On the issue of Taiwan, the Chinese government has used other tactics to show resolve rather than risk belligerent protests that might further alienate Taiwan voters and force the Chinese government to take military action. Ever since Chinese saber rattling during the 1995-96 Taiwan Strait crisis was judged counterproductive in Beijing, the Chinese government has tried somewhat softer tactics to dissuade Taiwan voters from supporting independence. The Chinese government prevented protests over Taiwan despite the election of Chen Shui-bian in March 2000 and his re-election and referendum on independence in March 2004. So far, the Chinese government appears to have determined that tolerating street protests over Taiwan independence is not worth the risk, particularly since political developments on Taiwan since 2008 have given China more confidence that diplomatic and economic trends are favorable. Still, foreign support for Taiwan has continued to spark nationalist anger, including an online petition against U.S. arms sales to Taiwan in 2010 that disappeared shortly after netizens called for street protests.

Territorial disputes in the South China Sea are another important space to watch. So far, nationalist anger at Vietnam and the Philippines has been largely confined to the Internet in China. Even the relatively nationalist Global Times has cautioned that “indulging anger and fantasizing confrontation” is not the right way to manage disputes in the South China Sea. After Vietnamese protests against China’s deep-water oil rig escalated to violence in May 2014, killing several Chinese workers, state-run and commercial media in China were conspicuously restrained in covering the riots, emphasizing Vietnamese efforts to arrest the “troublemakers” and characterizing the violence as more anti-foreign than specifically anti-Chinese. I suspect that Chinese calls for protests against Vietnam were shut down because China already controls the Paracel Islands and has no need to show further resolve. Allowing protests against Vietnam would have added fuel to the fire of Vietnamese anger and might have provoked further attacks on Chinese citizens in Vietnam.

You describe the management of nationalist demonstrations as a short-term asset but a strategic liability for Beijing. Are there more productive (and less volatile) ways for the Chinese government to handle strongly-held nationalist sentiments?
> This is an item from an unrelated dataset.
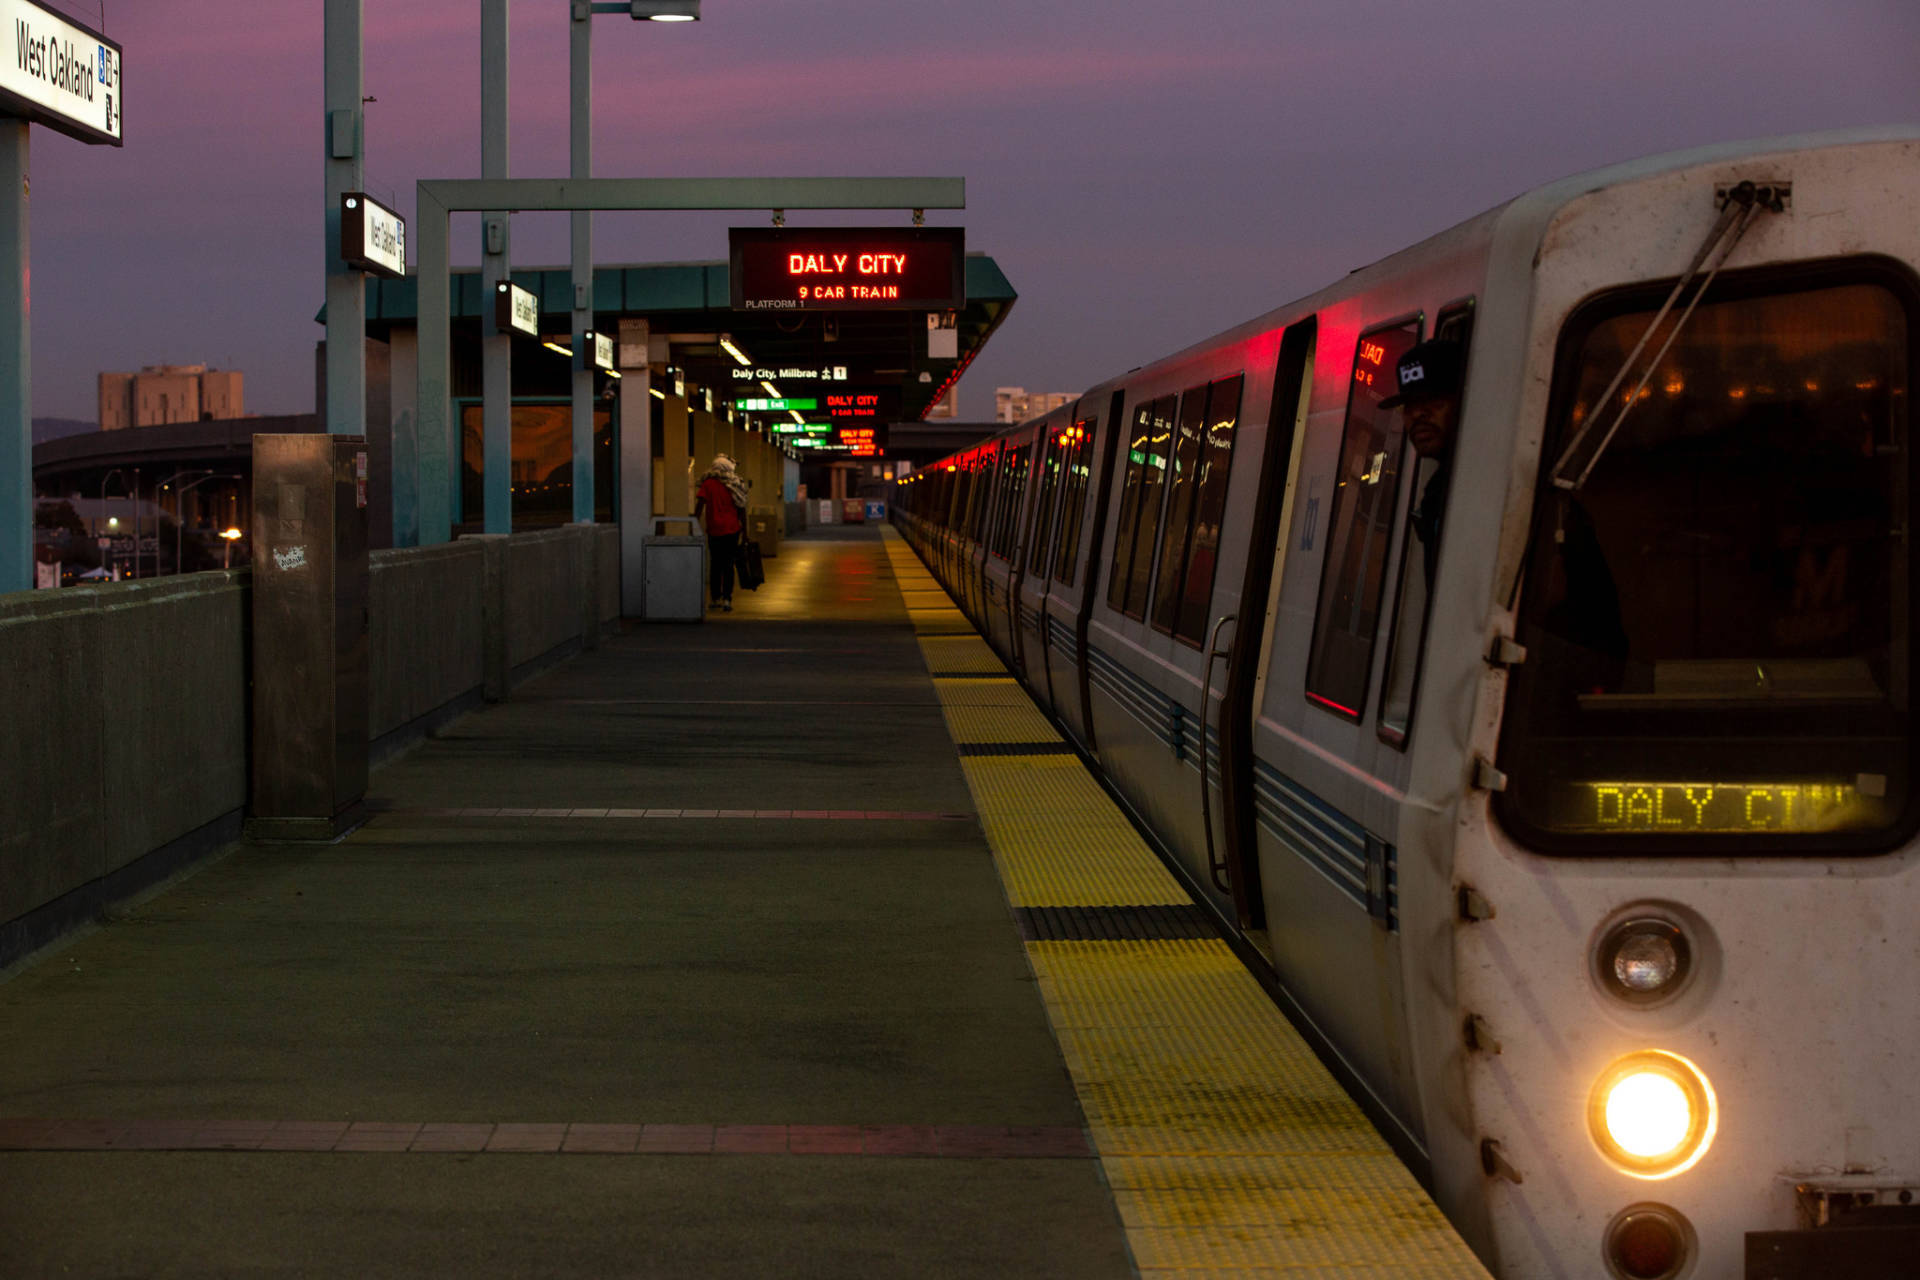 A San Francisco-bound BART train at West Oakland Station.  Dan Brekke/KQED
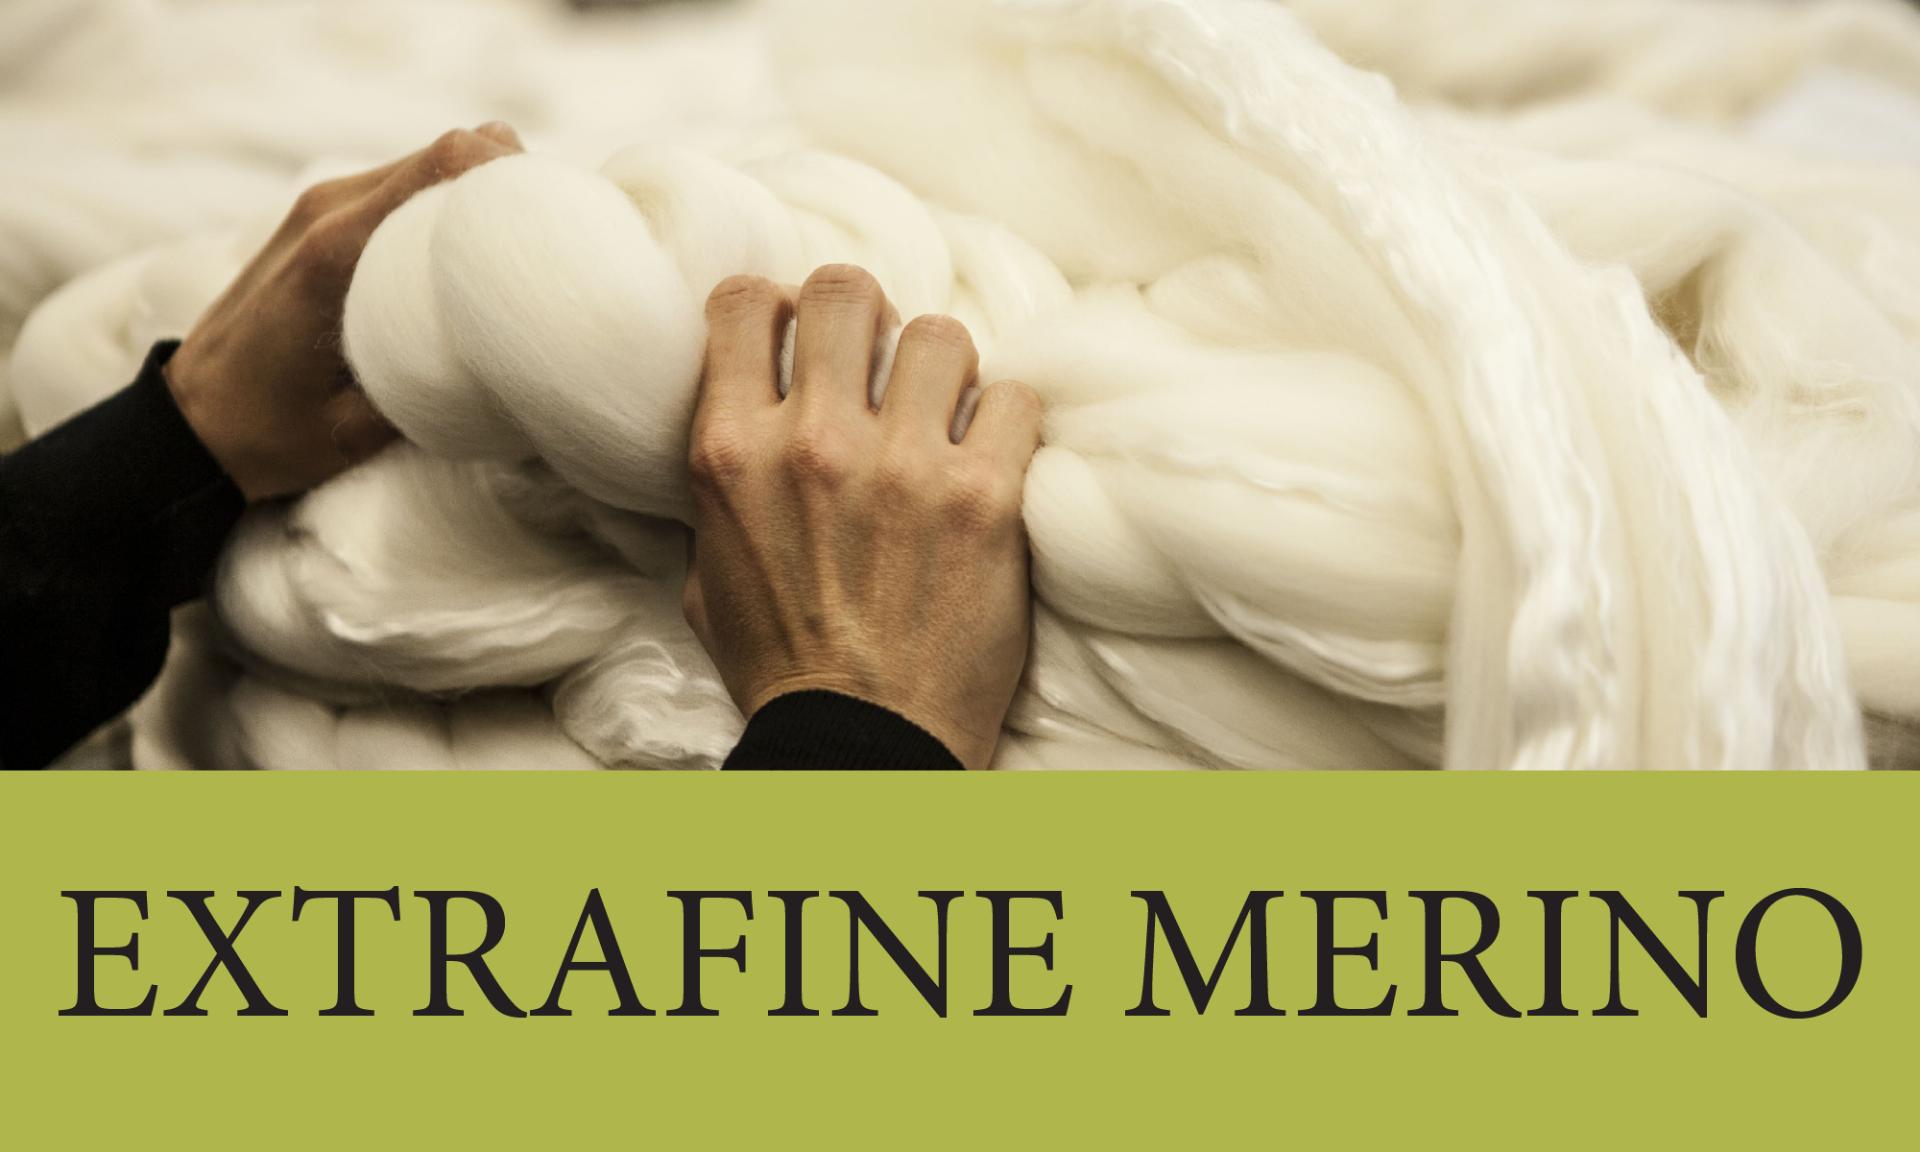 Extrafine Merino Yarn

The selective tolerance of nationalist protests has bred cynicism both at home and abroad, feeding skepticism about the sincerity of “highly unusual” outbursts of “assiduously reported” nationalist sentiment. Fostering a range of views would increase the transparency of Chinese intentions. A more open airing of views would also give greater credibility to the nationalist sentiments that are expressed. When citizens, bloggers, and intellectuals feel safe in expressing their opinions without fear of censors or vigilante-style “human flesh search engines,” foreign governments are more likely to believe that these sentiments are genuine rather than the result of deference or “brainwashing.” Encouraging the publication of both sides of a foreign policy debate, as the Chinese media has begun to do on certain issues, gives the government more diplomatic room to maneuver. But a more diverse foreign policy debate in China would also serve the government’s interests. When typically liberal and conservative voices agree on issues such as the defense of Chinese sovereignty over disputed islands, the apparent unanimity of popular sentiment will be much more convincing.